GIVEN INFORMATION:

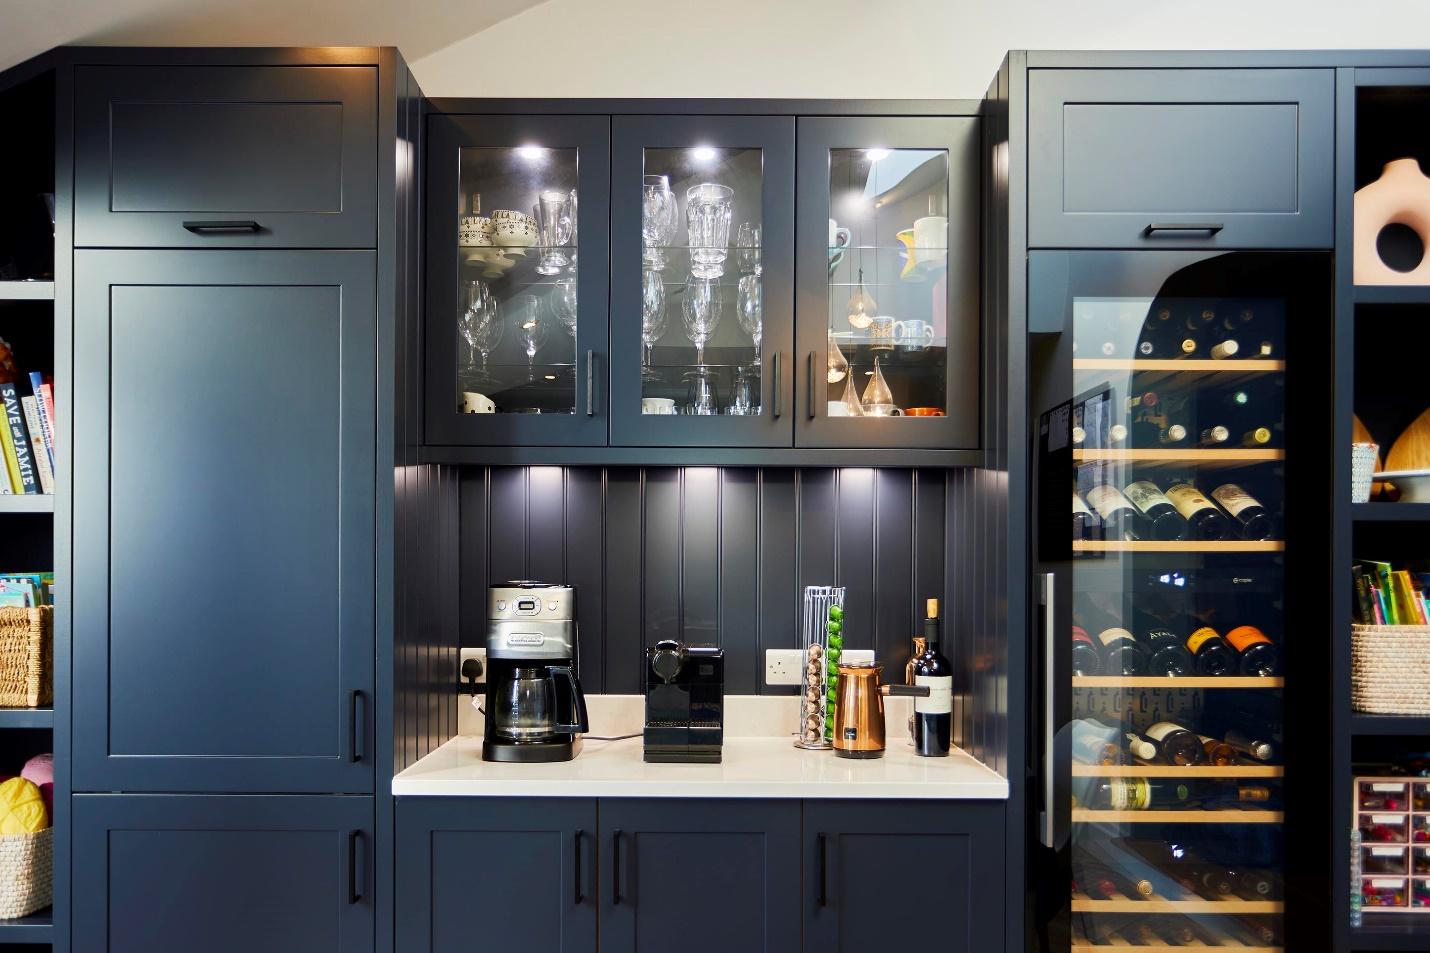 A kitchen with a wine fridge and a coffee maker

Description automatically generated
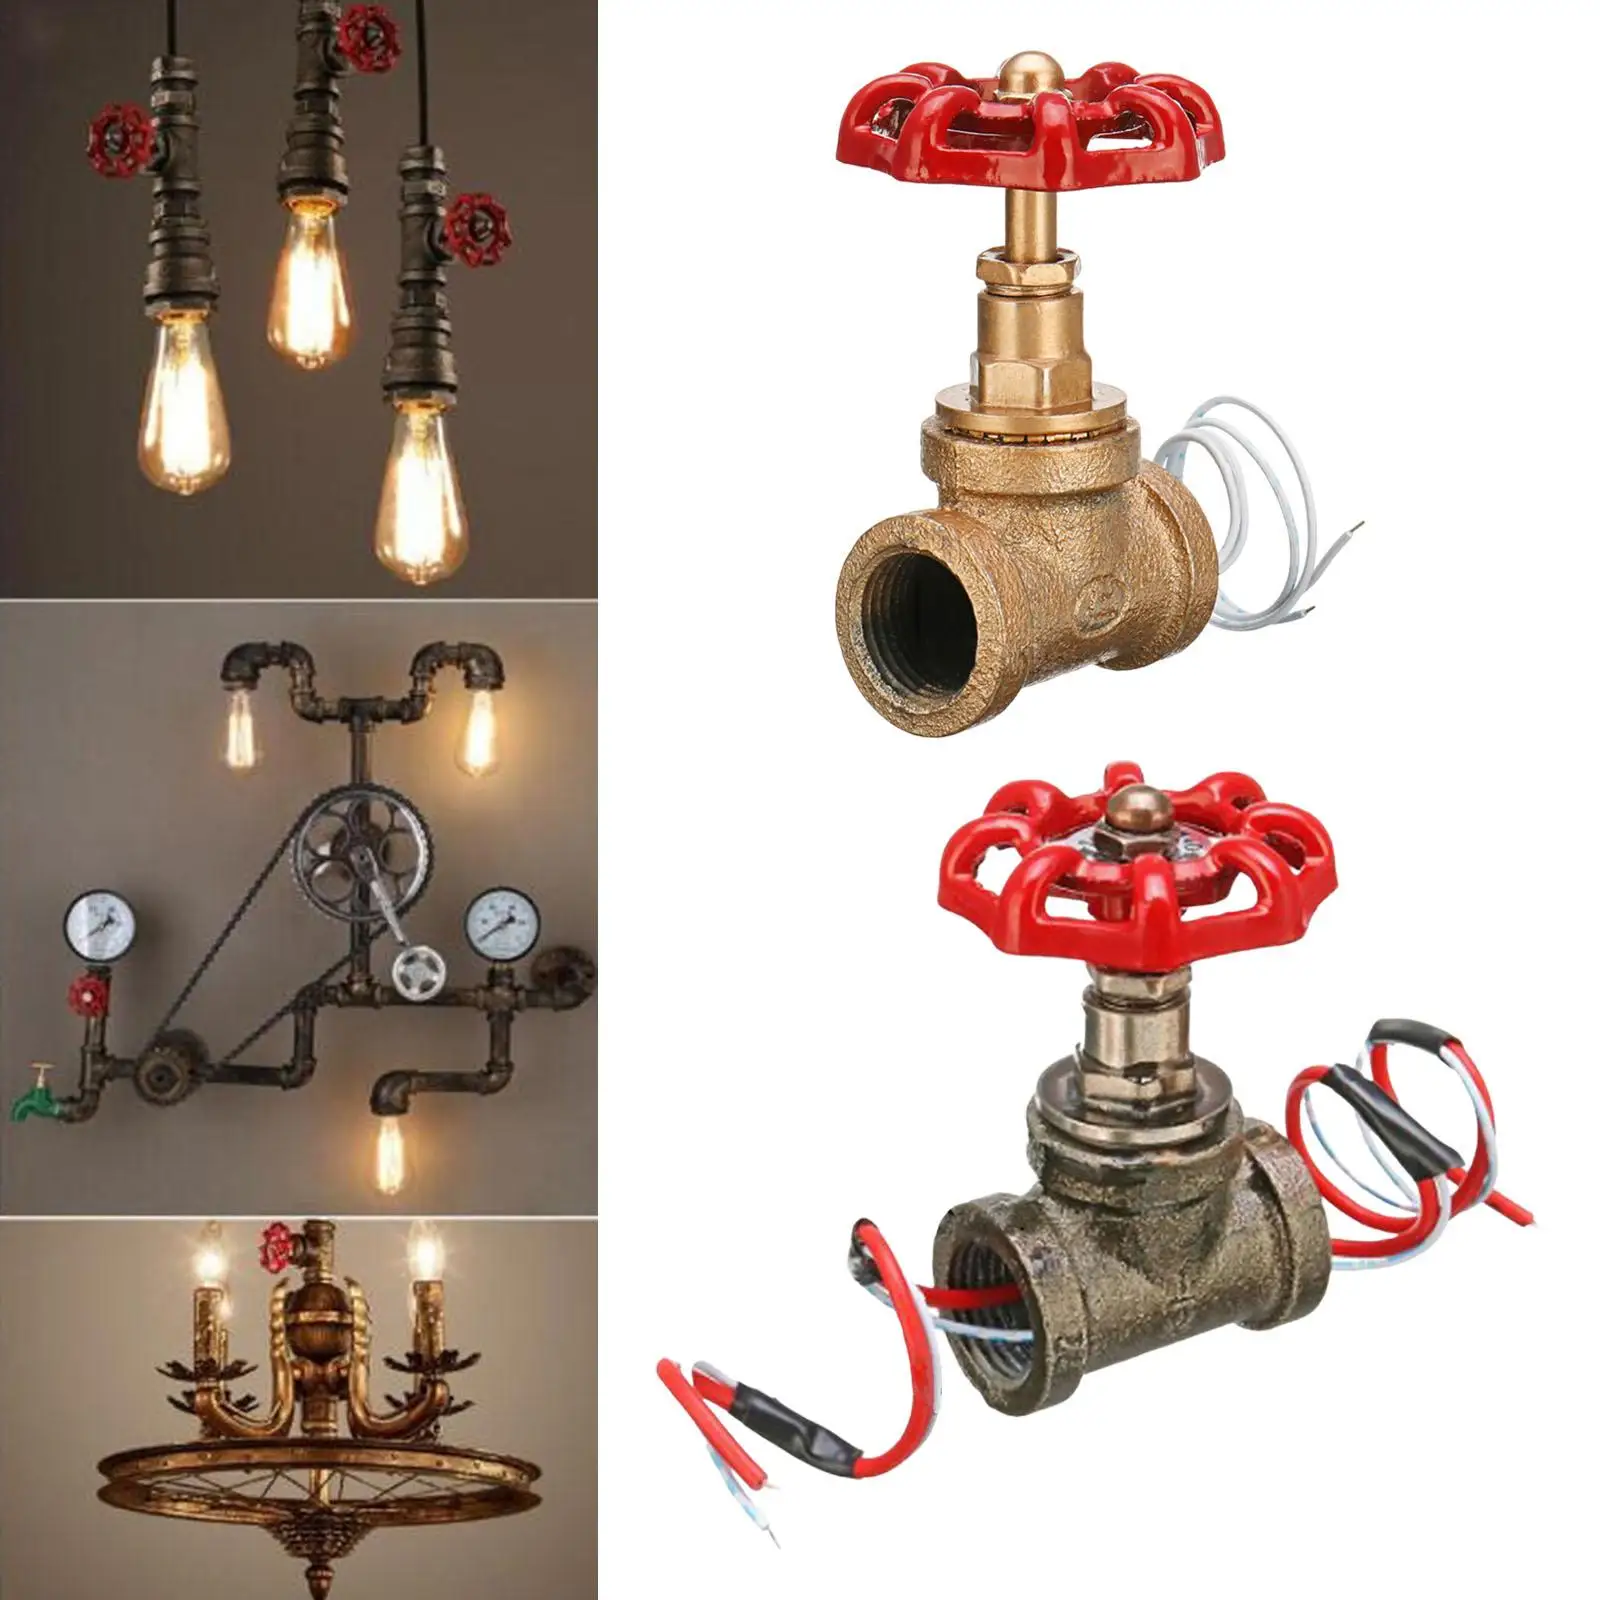 Vintage Industrial Light Switch Parts with Wire Fixtures Stop Valve Easy Install for Home Bar Club

EXERCISE PROMPT: The whole listing should be restated word for word, with no pictures.

FINAL ANSWER:
 A kitchen with a wine fridge and a coffee maker

Description automatically generated
 Vintage Industrial Light Switch Parts with Wire Fixtures Stop Valve Easy Install for Home Bar Club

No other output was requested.